Thread: Massive Unicode Grumble....

  1. #1
    Banned
    Join Date
    Aug 2010
    Location
    Ontario Canada
    Posts
    9,547

    Massive Unicode Grumble....

    Boy oh boy what I wouldn't like to do to the fool who invented 1,813 different ways of storing "plain text" files....

    Frustrated to no end with BOMs and LE and BE and CR/LF and LF/CR... and on and on and on...

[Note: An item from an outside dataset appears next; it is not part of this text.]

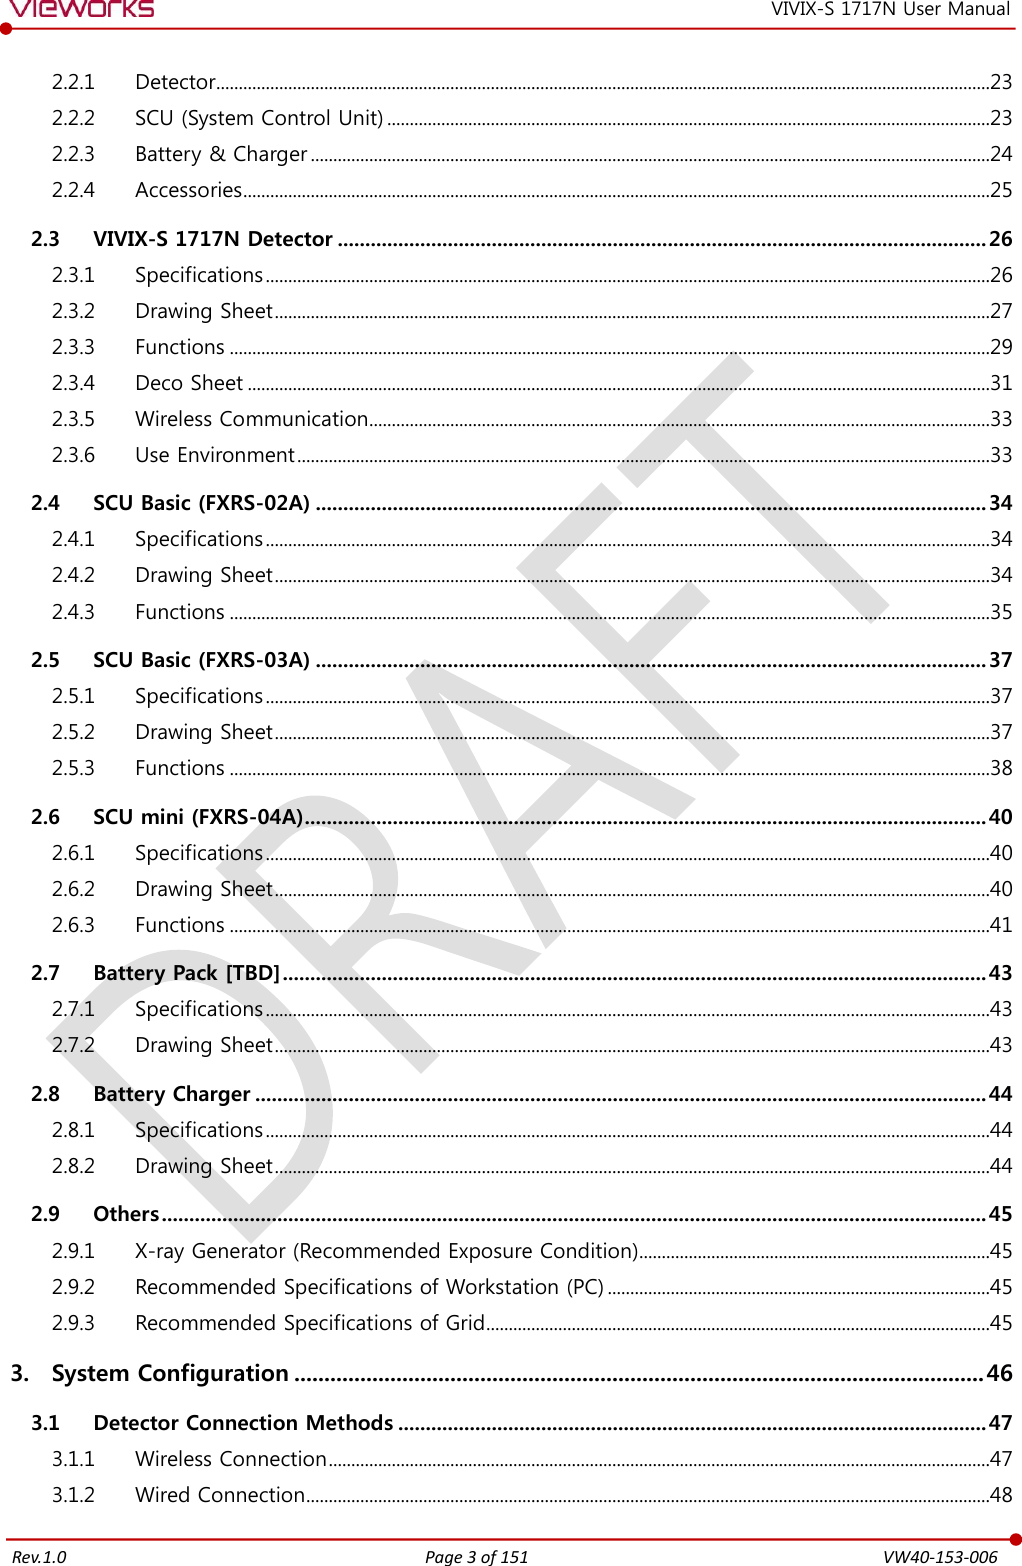   Rev.1.0 Page 3 of 151  VW40-153-006 VIVIX-S 1717N User Manual 2.2.1  Detector............................................................................................................................................................................23 2.2.2  SCU (System Control Unit) ......................................................................................................................................23 2.2.3  Battery &amp; Charger .......................................................................................................................................................24 2.2.4  Accessories ......................................................................................................................................................................25 2.3 VIVIX-S 1717N Detector ...................................................................................................................... 26 2.3.1  Specifications .................................................................................................................................................................26 2.3.2  Drawing Sheet ...............................................................................................................................................................27 2.3.3  Functions .........................................................................................................................................................................29 2.3.4  Deco Sheet .....................................................................................................................................................................31 2.3.5  Wireless Communication..........................................................................................................................................33 2.3.6  Use Environment ..........................................................................................................................................................33 2.4 SCU Basic (FXRS-02A) .......................................................................................................................... 34 2.4.1  Specifications .................................................................................................................................................................34 2.4.2  Drawing Sheet ...............................................................................................................................................................34 2.4.3  Functions .........................................................................................................................................................................35 2.5 SCU Basic (FXRS-03A) .......................................................................................................................... 37 2.5.1  Specifications .................................................................................................................................................................37 2.5.2  Drawing Sheet ...............................................................................................................................................................37 2.5.3  Functions .........................................................................................................................................................................38 2.6 SCU mini (FXRS-04A) ............................................................................................................................ 40 2.6.1  Specifications .................................................................................................................................................................40 2.6.2  Drawing Sheet ...............................................................................................................................................................40 2.6.3  Functions .........................................................................................................................................................................41 2.7 Battery Pack [TBD] ................................................................................................................................ 43 2.7.1  Specifications .................................................................................................................................................................43 2.7.2  Drawing Sheet ...............................................................................................................................................................43 2.8 Battery Charger ..................................................................................................................................... 44 2.8.1  Specifications .................................................................................................................................................................44 2.8.2  Drawing Sheet ...............................................................................................................................................................44 2.9 Others ...................................................................................................................................................... 45 2.9.1  X-ray Generator (Recommended Exposure Condition)..............................................................................45 2.9.2  Recommended Specifications of Workstation (PC) .....................................................................................45 2.9.3  Recommended Specifications of Grid ................................................................................................................45 3. System Configuration ................................................................................................................... 46 3.1 Detector Connection Methods ........................................................................................................... 47 3.1.1  Wireless Connection ...................................................................................................................................................47 3.1.2  Wired Connection ........................................................................................................................................................48

    Really... what on earth were they thinking?

  2. #2
    C++まいる!Cをこわせ!
    Join Date
    Oct 2007
    Location
    Inside my computer
    Posts
    24,654
    Use a library. Let them eat the complexity. Abstractions are good.
    Quote Originally Posted by Adak View Post
    io.h certainly IS included in some modern compilers. It is no longer part of the standard for C, but it is nevertheless, included in the very latest Pelles C versions.
    Quote Originally Posted by Salem View Post
    You mean it's included as a crutch to help ancient programmers limp along without them having to relearn too much.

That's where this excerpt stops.